No, we agree on the future, and you'll be able to do so with
luainputenc, don't worry... Please wait to know what my solution is
before criticizing my work like this...
I was not criticizing your work, just stating that IMHO there should be no need
to use an input-encoding-oriented package in order to compile an utf-8-encoded
source with LuaLaTeX.

M.
Will Robertson
2009-03-24 13:10:19 UTC
Permalink
Hi all,

Don't forget that for utf8 encoded documents, the luatex and xetex
inputenc packages do *not* mess around with active characters or
whatever -- they prevent the legacy inputenc from doing so in the
first place.

However, given any reservations I'd be happy enough with adapting
inputenc to simply abort with an error if it's loaded with the new
engines.

More comments requested, I possible.

Will

(Sent from my phone.)
Post by Manuel Pégourié-Gonnard
Post by Elie Roux
In the future LuaTeX will probably replace pdfTeX, so inputenc will load
luainputenc. The question is not really to decide if it's good or not,
Hmm...
Post by Elie Roux
it's to decide when we will do it. And I still can't really see why we
should wait three more years...
I don't mean waiting for three years. I just mean waiting enough to be able to
tidy up problems. Probably one year will be enough. Be a few months (current
time of luainputenc development/testing, iirc) are probably not enough.
Post by Elie Roux
Just to repeat myself: (lua)inputenc is not optional in most cases, so
the user will have to load luainputenc. This means that people working
with LuaLaTeX will have to change their documents in 2012, replacing
luainputenc by inputenc...
And that's perfectly ok if they need so, because you know you
possibly have to
change a few names sometimes when you're using something under
developement.
(And it doesn't mean only LuaTeX: I sometimes have to change my documents in
order to make them compile with a newer version of Koma-script, and I accept
that.
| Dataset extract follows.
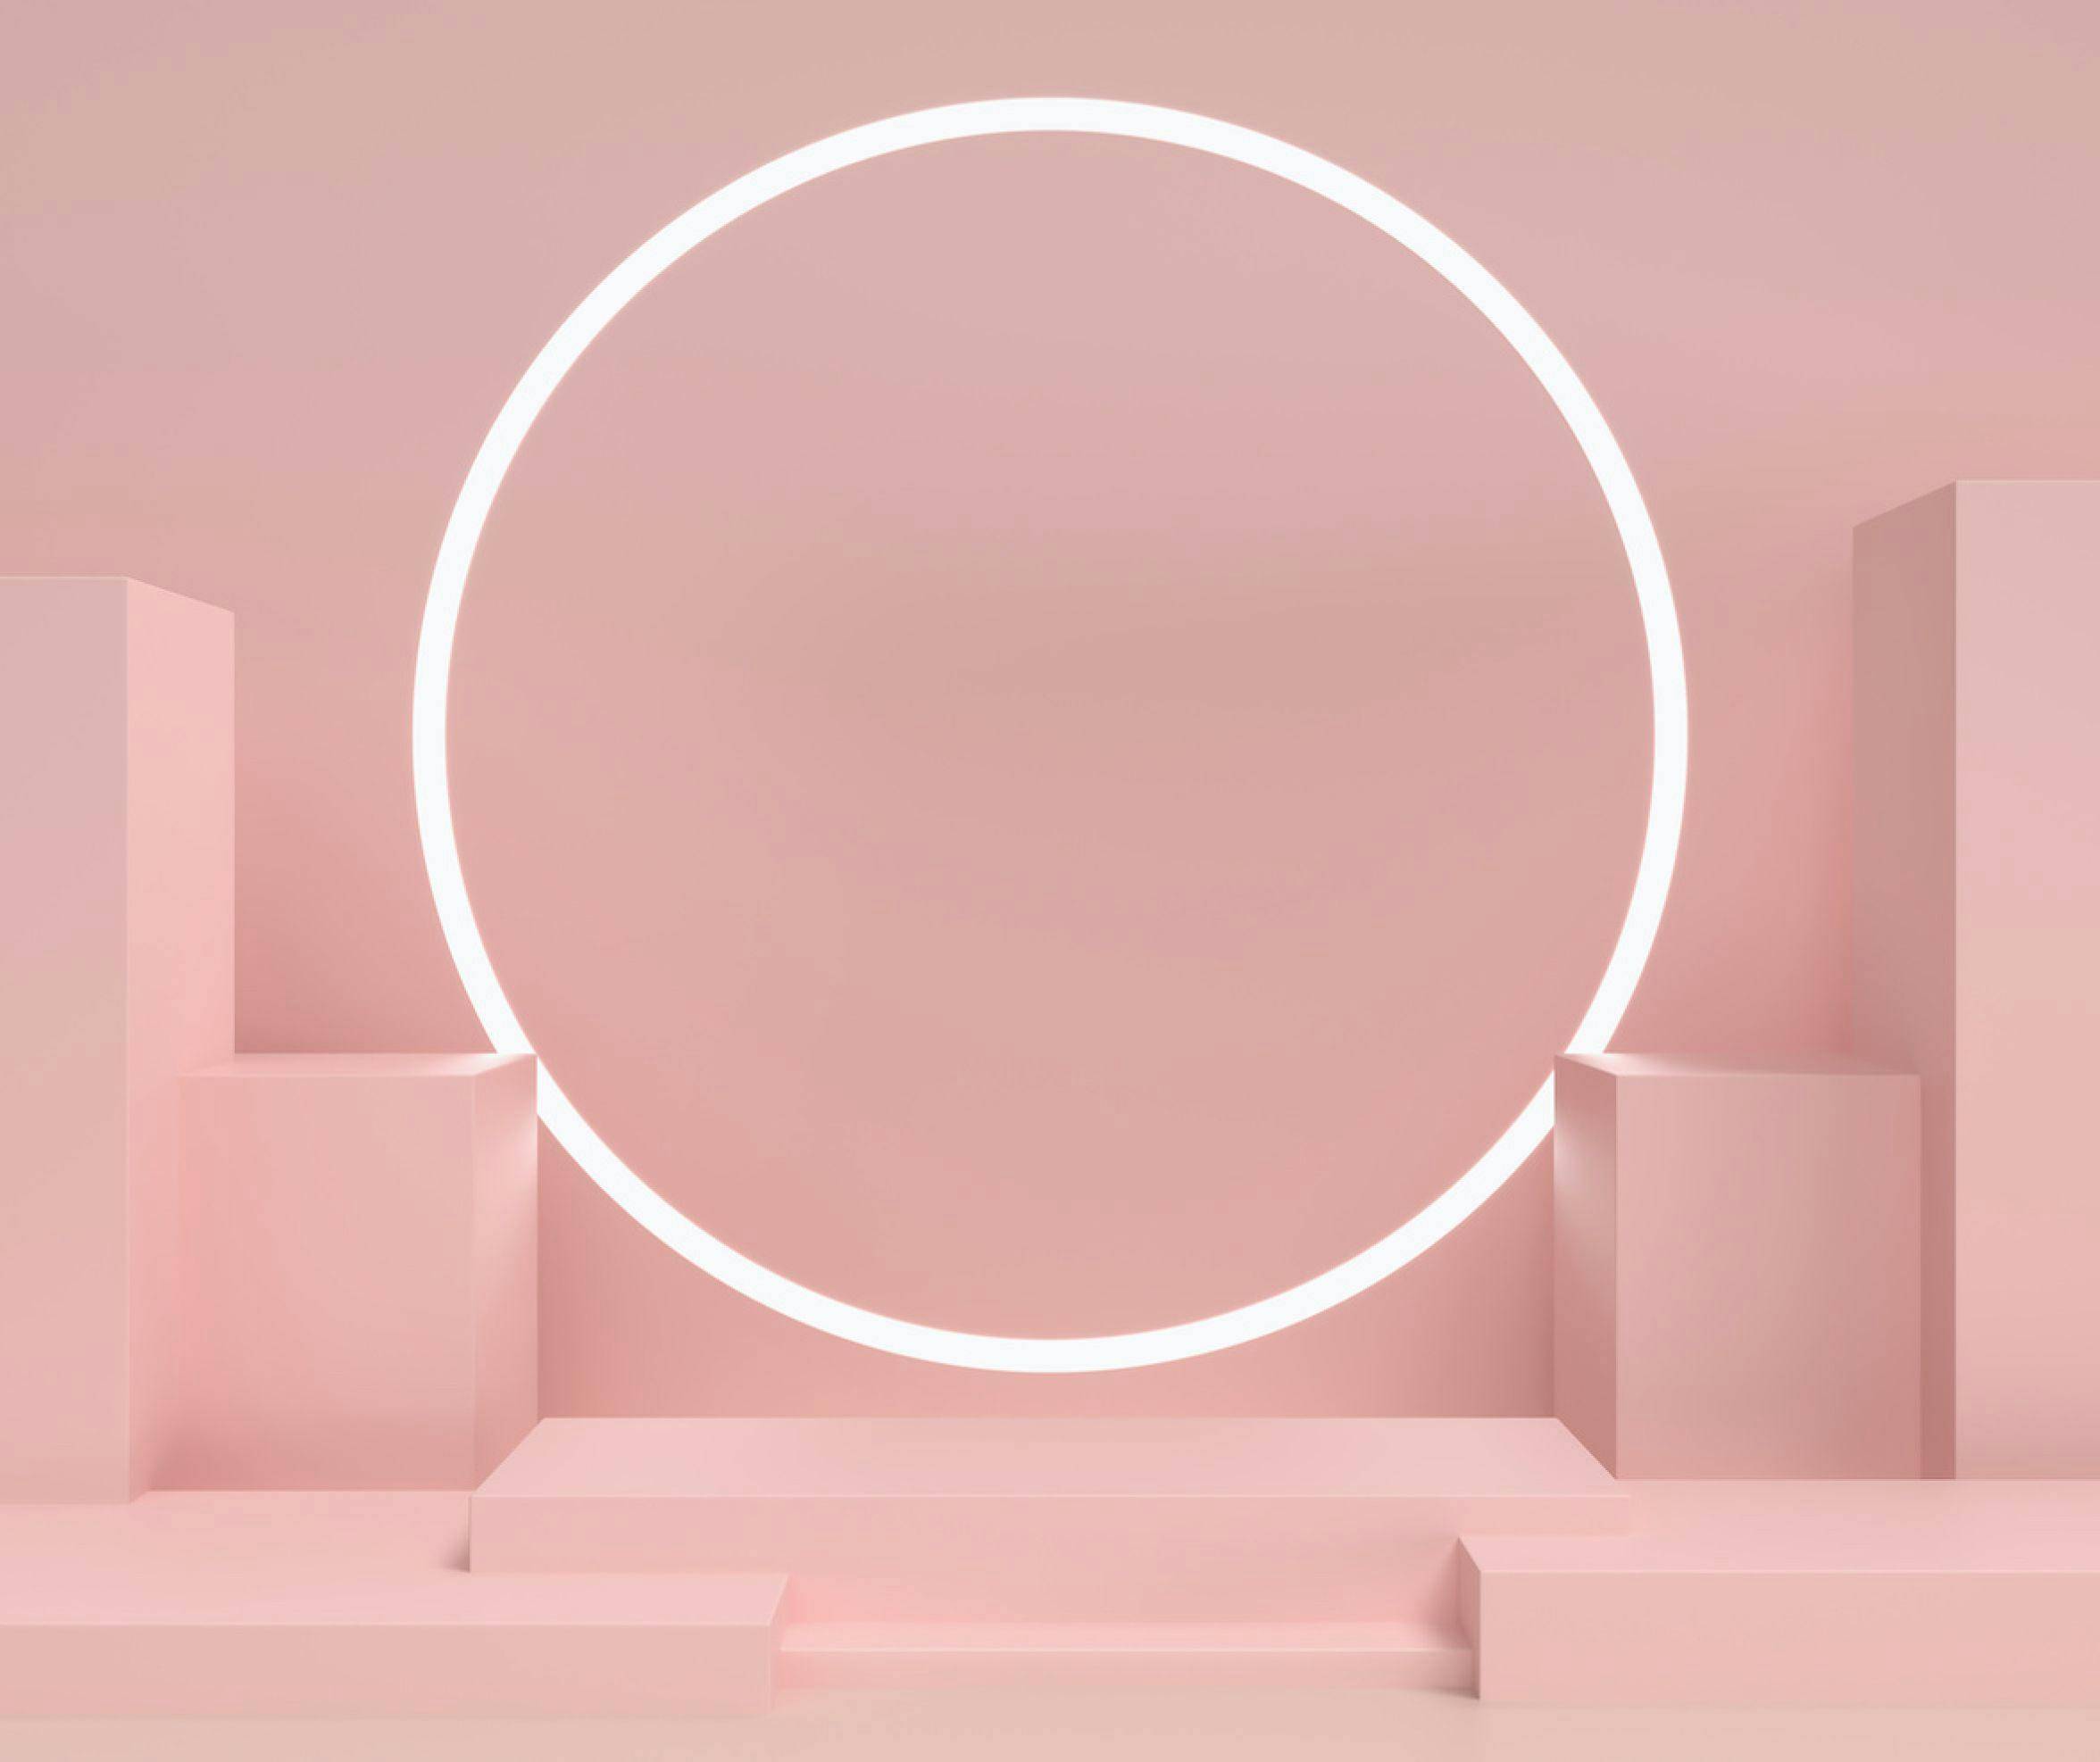 glowing circle on abstract pink background

If I don't want to have to worry about it, I use only the standard
classes, and I'm happy I have this choice too.)
Anyway, I see no reason why luainputenc should stop working with this name if it
is later available as inputenc. A package can perfectly have
multiple names.
Post by Elie Roux
I know it's not 100% stable so users must
know what they're doing, but it still seems more annoying than the
miracle solution for stability...
Well, it seems we disagree on what the future will be. In my future, I want to
be able to compile utf-8 encoded sources using Unicode fonts without loading
some sort of inputenc and making a bunch af character actives.
Manuel.
David Kastrup
2009-03-24 13:13:47 UTC
Permalink
Post by Manuel Pégourié-Gonnard
Hi all,
Don't forget that for utf8 encoded documents, the luatex and xetex
inputenc packages do *not* mess around with active characters or
whatever -- they prevent the legacy inputenc from doing so in the
first place.
Wouldn't that preclude auxiliary files being written in LICR?
--
David Kastrup
Will Robertson
2009-03-24 13:24:26 UTC
Permalink
(Sent from my phone.)
Post by David Kastrup
Post by Manuel Pégourié-Gonnard
Hi all,
Don't forget that for utf8 encoded documents, the luatex and xetex
inputenc packages do *not* mess around with active characters or
whatever -- they prevent the legacy inputenc from doing so in the
first place.
Wouldn't that preclude auxiliary files being written in LICR?
Licr support still works (or can still work) because the appropriate
macros can still be defined (to eventually turn into the correct
unicode character). However, user input is never transformed into a
licr form internally.

But you do lose the advantages of the licr -- being able to throw an
error, or recover by faking it, if the font doesn't contain a
necessary glyph.

Will
Elie Roux
2009-03-24 13:37:58 UTC
Permalink
Post by David Kastrup
Post by Manuel Pégourié-Gonnard
Hi all,
Don't forget that for utf8 encoded documents, the luatex and xetex
inputenc packages do *not* mess around with active characters or
whatever -- they prevent the legacy inputenc from doing so in the
first place.
Wouldn't that preclude auxiliary files being written in LICR?
Well, I changed luainputenc a bit since the last time I released it, now
it activates characters if a font encoding other than EU2 is loaded with
fontenc. So the behaviour of LuaLaTeX with (lua)inputenc is the same as
the behaviour of LaTeX with inputenc, for utf8 (if not loaded with EU2)
and 8-bit encodings.

The problem with aux files is only present for 8-bit encoding, there is
no problem with aux files when used with utf8.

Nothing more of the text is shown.